What is IB Geography? 

IB Geography is an important subject in our modern world of globalization and pressures upon cultures and resources. The ability to view issues from a wider perspective is appropriate for working in many different career paths. The nature of peoples’ working lives is changing. It is less likely that someone will spend all their life in one company or organisation. If your career path is to be varied you will need to develop transferable skills and be flexible. IB Geography fosters these qualities and provides a firm base for life-long learning.

IB Geography is part of the challenging two year IB programme administrated by the International Baccalaureate Organization (IBO). IB Geography can be studied at Standard and Higher Level. IB students are required to study six subjects. IB Geography is a group 3 'Individuals and Societies' subject

Course content - H/L Geography

Global Interactions – 60 hours of teaching time

  • This is a wide ranging course looking at the impacts of the shrinking world and the increasing variety of international interactions and transactions.
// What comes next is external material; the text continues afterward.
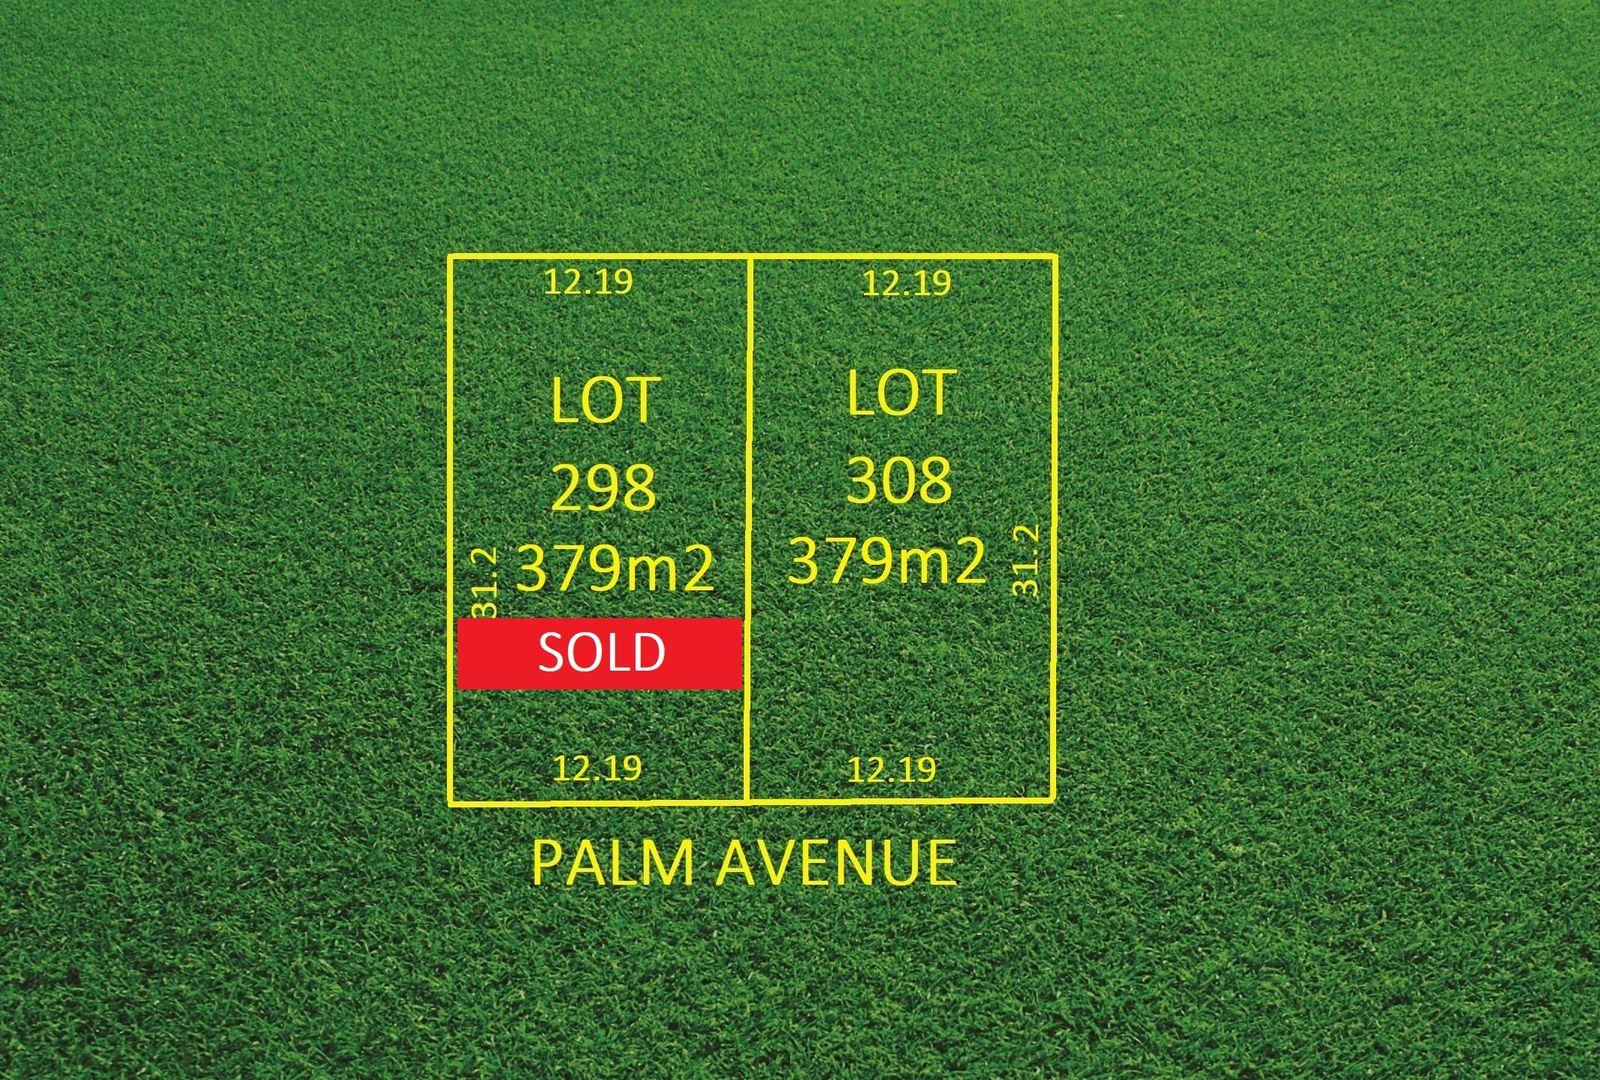 61 & 61A Palm Avenue, Royal Park SA 5014, Image 0

We look at how the work has been shrunk by technology and the impacts that this has on our economies, the environment, our socio cultural exchanges and the political relationships between countries.

Optional Unit A - Freshwater & Issues & Conflicts – 30 hours of teaching time

  • Covers the water system, drainage basins and flooding, management issues and strategies and competing demand for freshwater (water wars)

Course Content – S/L Geography

Core Unit – Patterns & Change (70 hours of teaching time)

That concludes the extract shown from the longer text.